Written and directed by both Massimo Barilla and Salvatore Arena, the play is onomatopoeic and poetic and at the same time imbued with that substance and material that is so concrete that it hurts, it hurts when listening. The words evoke and express an ancestral violence against which there seems to be no remedy no levee no rescue no purification no redemption. A corrupt and rotten world, tangled up in itself, which feeds its children to produce meat for slaughter, new slaughters to soil the streets, alleys and sidewalks, to colour that ancient and dark world with new pain. Alone on stage, Arena embodies, with the usual expressive force and generosity (his stylistic code), a power that seems to take charge of every word, of every suspension, a participatory and lived interpretation inch by inch, breath by breath on the skin. Arena doesn’t spare himself, his heart, his belly, his liver, his stomach.

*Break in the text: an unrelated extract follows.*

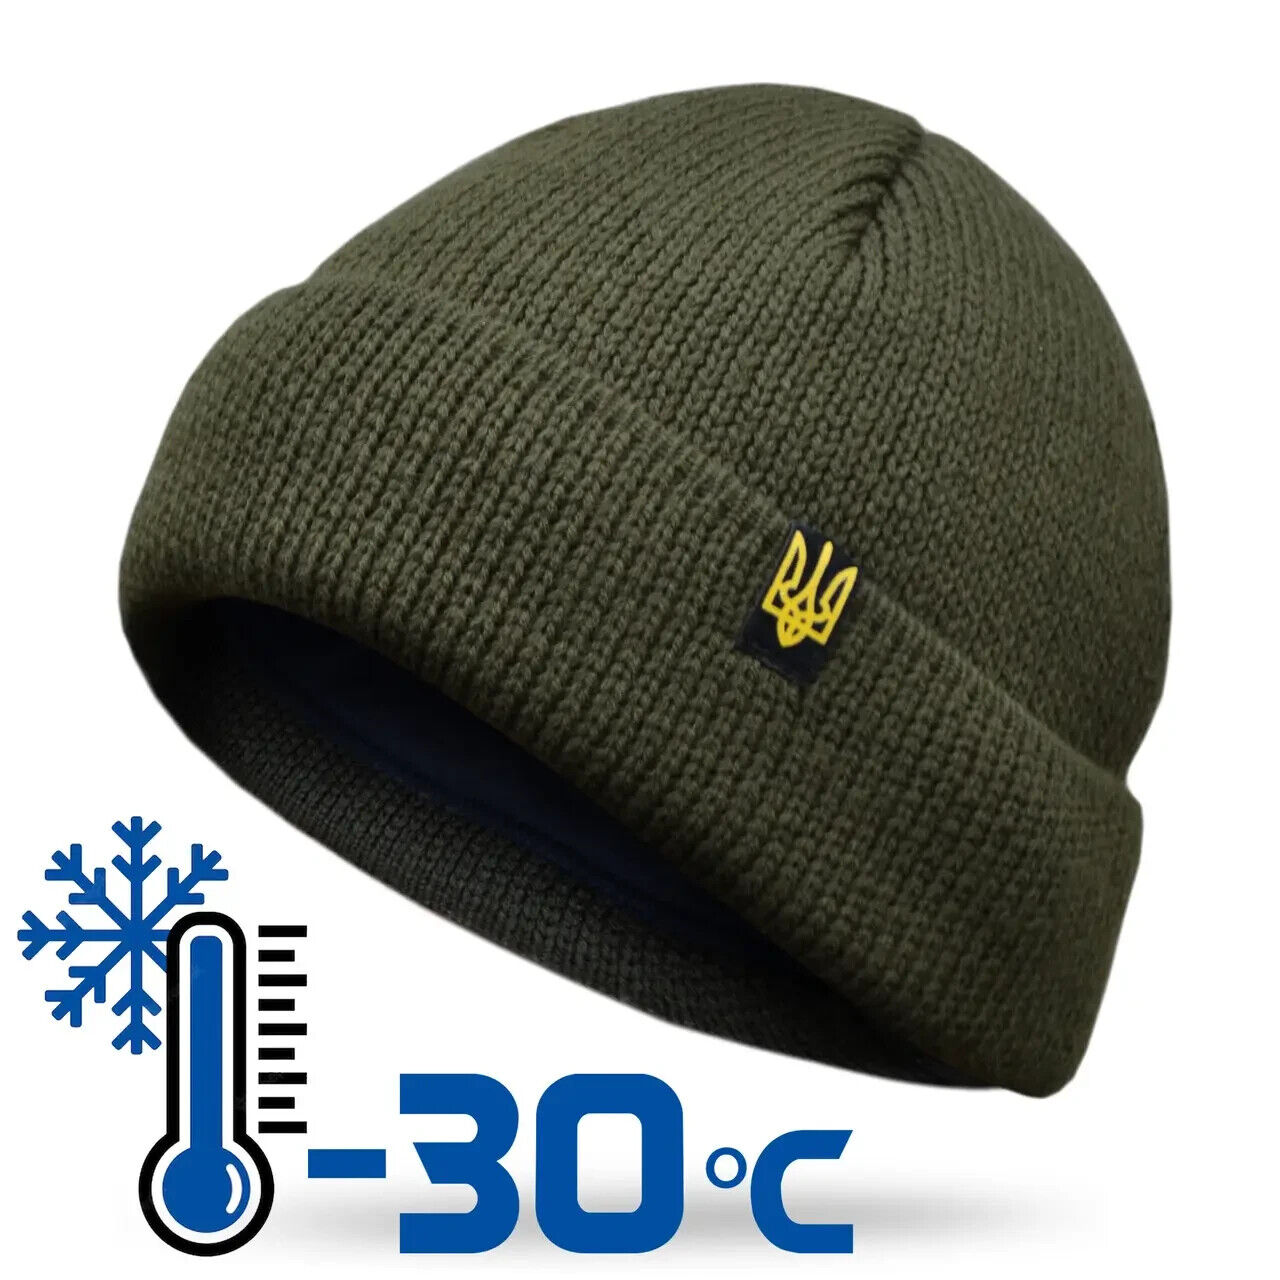 Ukrainian Army winter Hat knitted olive khaki military hat.

The pretext for this feud is a lamb born from the ram of a family and from the sheep of the rival family: the Malapaglias and the Cacciacarta. Like the Montecchi and the Capulets. An eye for an eye and the world goes blind, argued Gandhi. Sheep, ram and lamb, sacrificial animals such as young people, men and members of the two families who annihilate themselves like beasts falling like skittles. In this war of rancid resentment that stains the lives of the village, there is, in so much suffering, a glimmer, not so much of liberation but at least of intelligence and foresight in wanting to stop this dripping of bodies: other lambs to be slaughtered, this time with human features, Rocco (maybe coming from Fidelio?) and Alfredo (from the Traviata?), like Romeo and Romeo, decide to stop this carnage. It is a sub-track of the narrative, a story within a story, a Deandreian flower born from so much manure. After being locked up like an animal in a cage by his father in a slammer for years, Rocco becomes Aida. Aida is beauty and chants and longing (music by Luigi Polimeni) and the macho element melts and the cancerous feelings fall apart and the macho knots yield inexorably: “Is this love? This evil that poisons us, this rope that tightens us”. The entire performance is a long angry confession revolving around the corpse of the father, source of hatred and destruction. A theatre of pangs, of teeth to be pulled, of meat to be slaughtered, a theatre that bleeds, a theatre of mud and tears. One comes out cut and incredulous, wounded and aware.


[1] Typical sausage from Calabria with a soft texture and a very spicy taste.